§ Exercise details
Repeat the listing exactly, minus the pictures.

Data shown: Begin

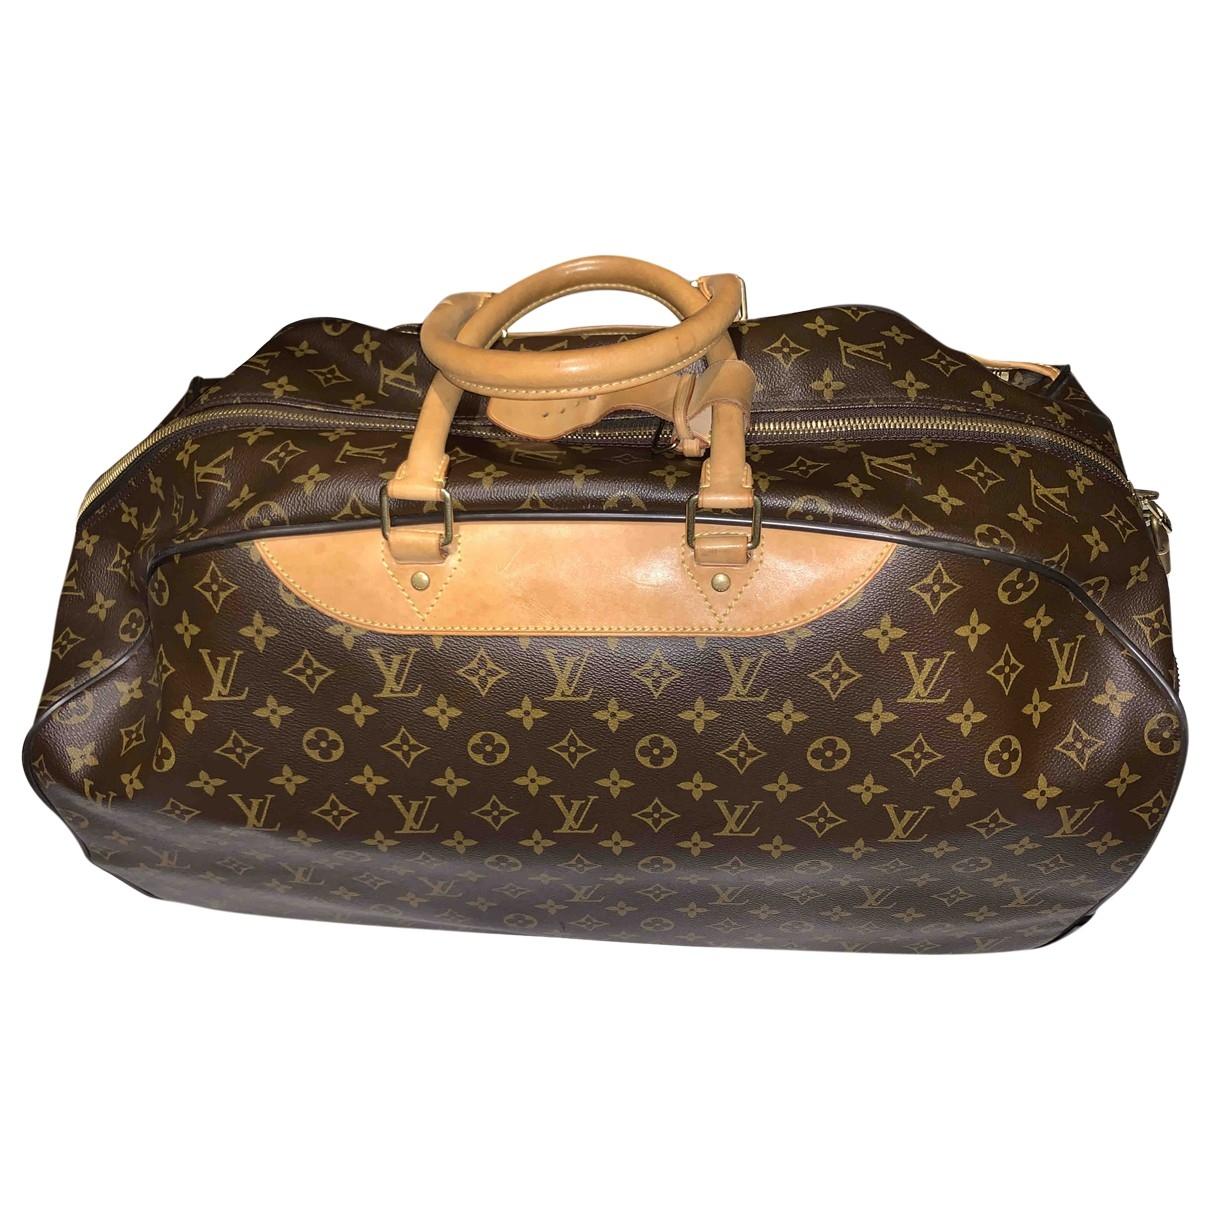 Bolso de viaje Eole de Cuero Louis Vuitton
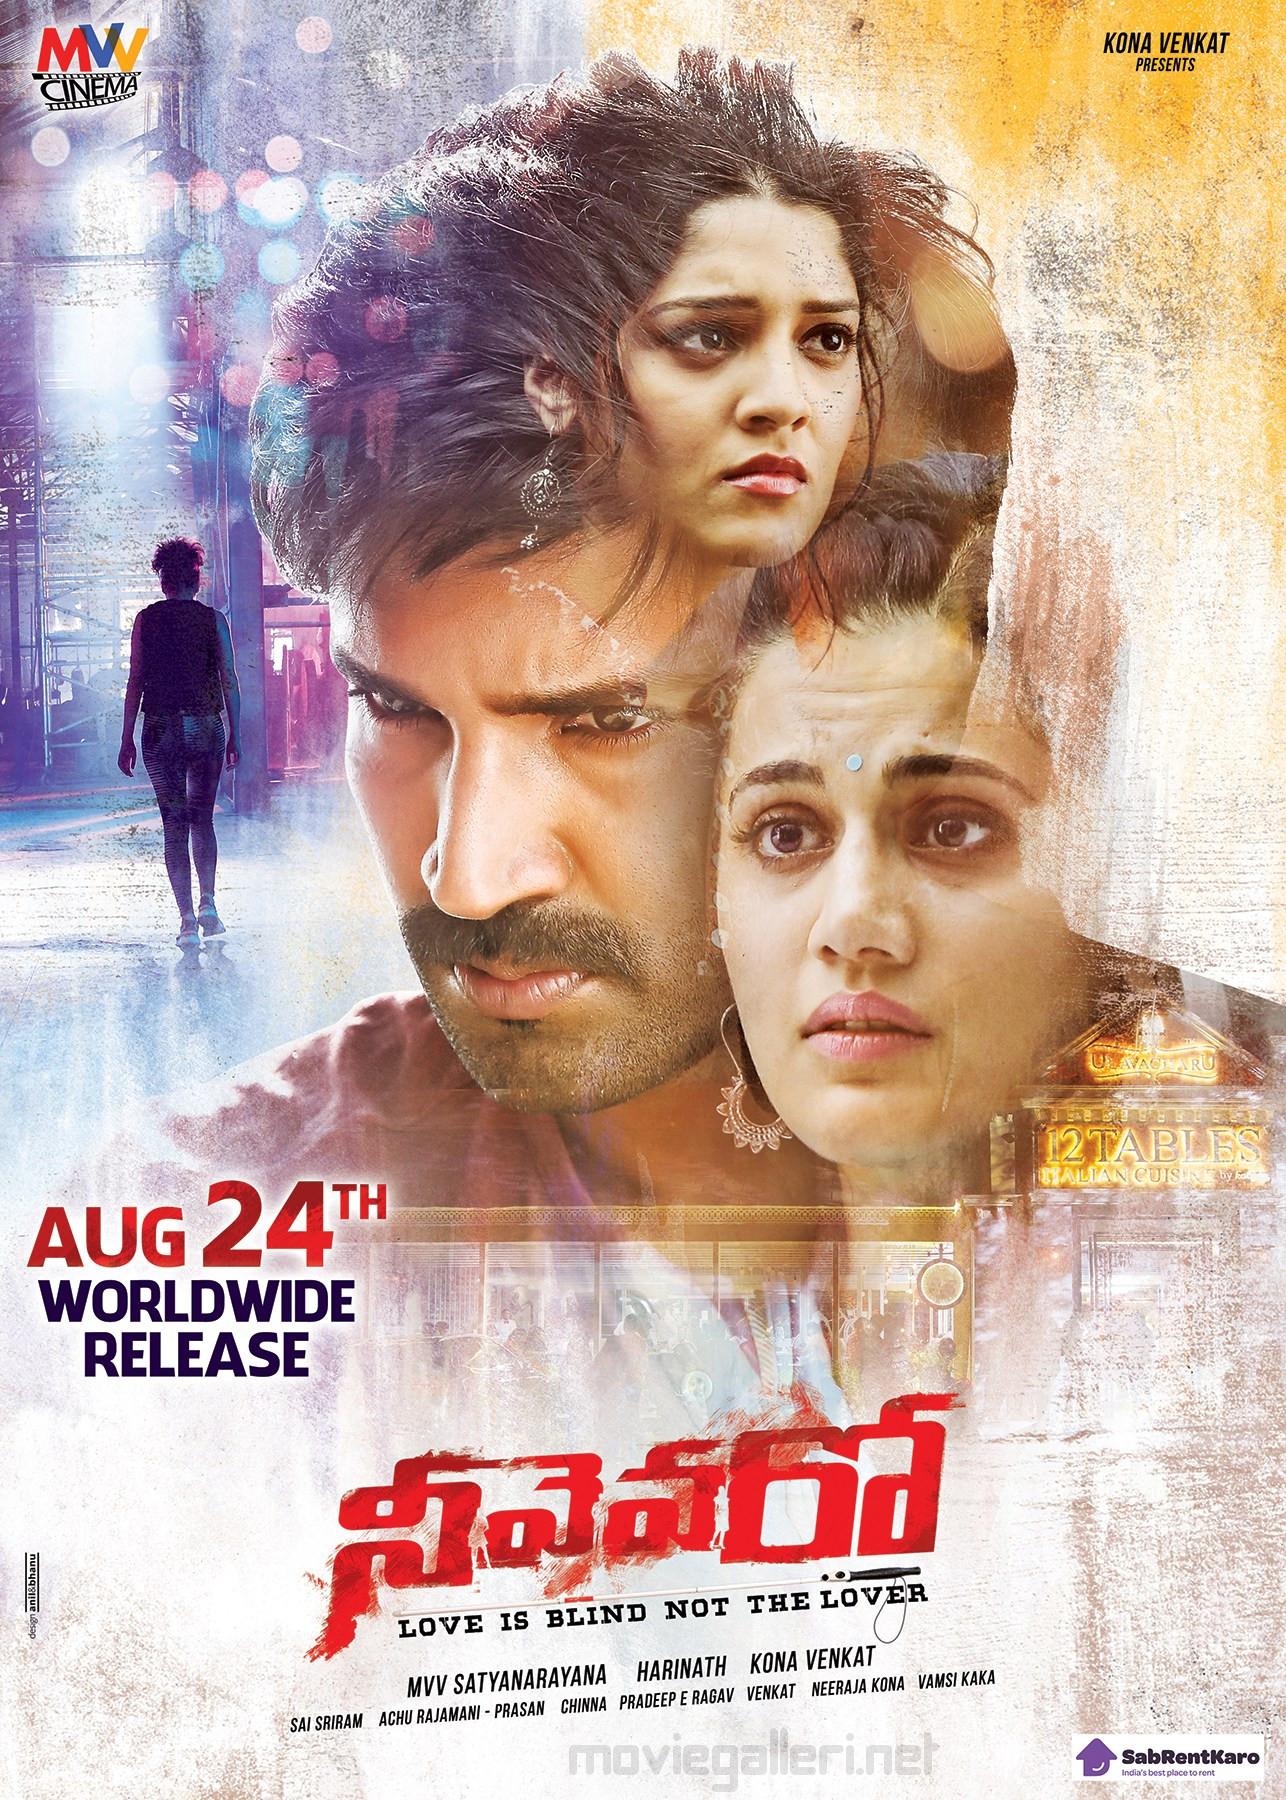 Aadhi Pinisetty, Taapsee Pannu & Ritika Singh Neevevaro Movie Release Date on 24 August Poster HD
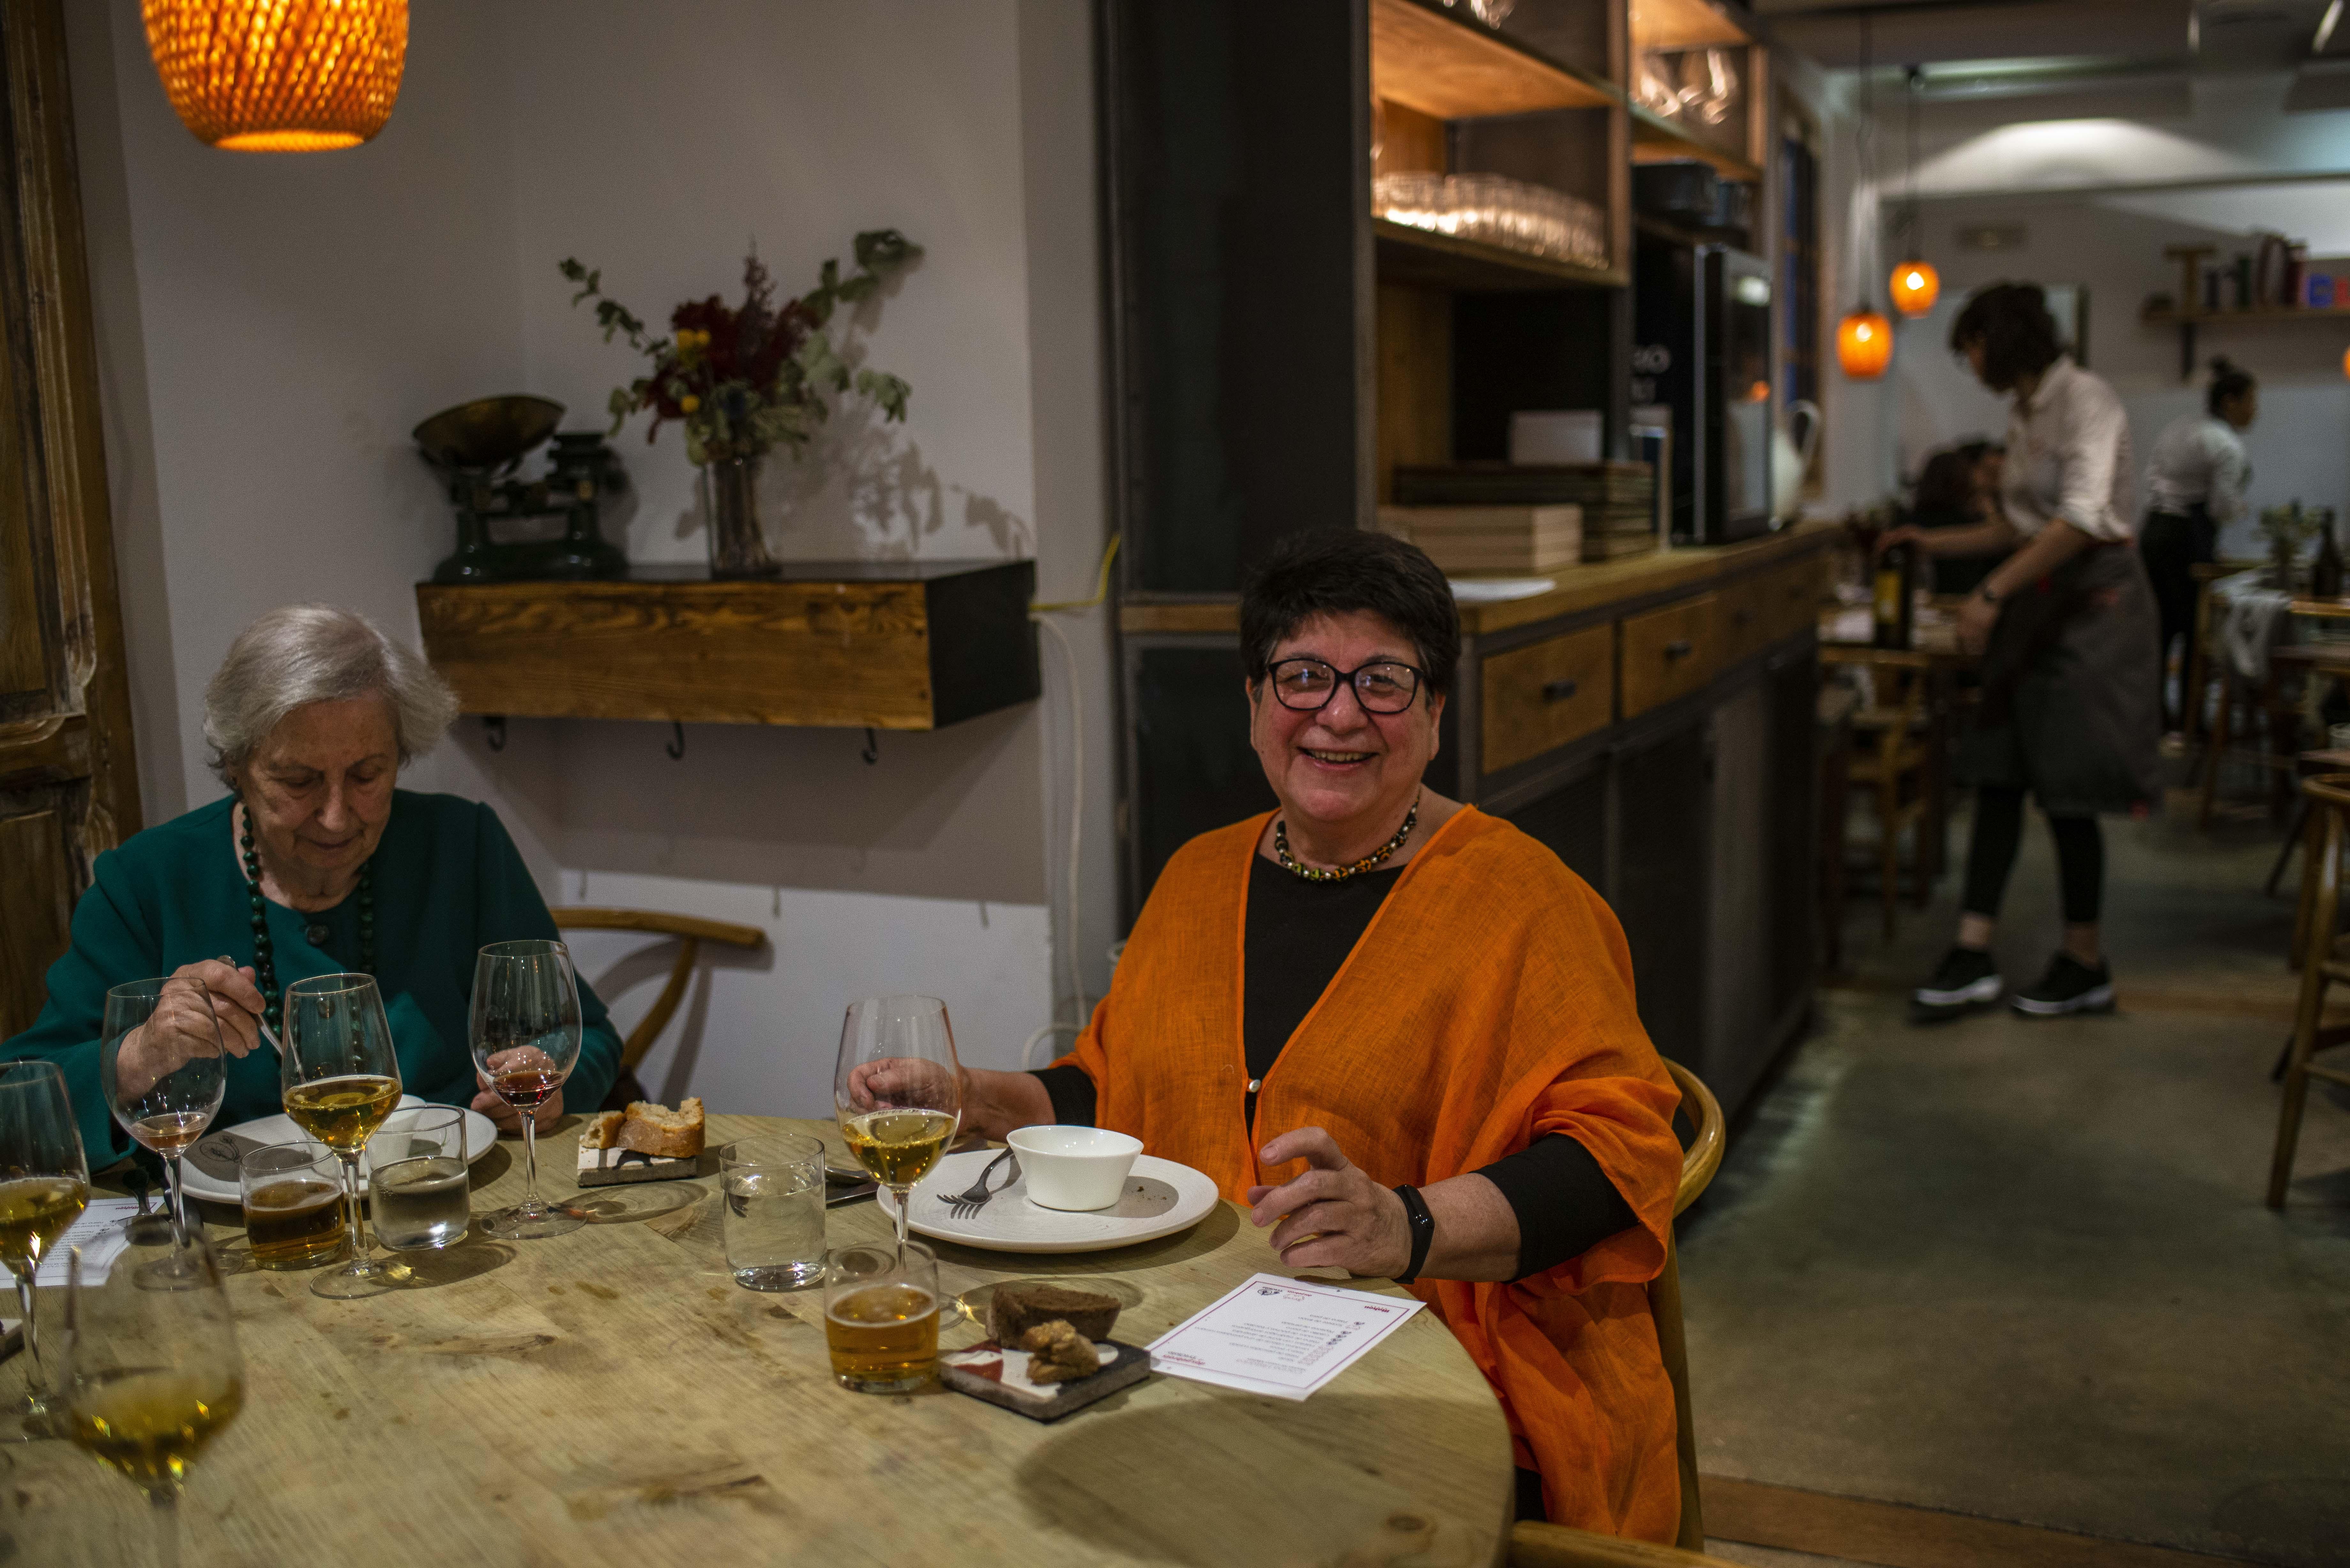 Rosa Tovar ha ayudado a Javier Goya a documentarse para elaborar parte del menú.

Data shown: End

§ Answer to the exercise
 Bolso de viaje Eole de Cuero Louis Vuitton
 Aadhi Pinisetty, Taapsee Pannu & Ritika Singh Neevevaro Movie Release Date on 24 August Poster HD
 Rosa Tovar ha ayudado a Javier Goya a documentarse para elaborar parte del menú.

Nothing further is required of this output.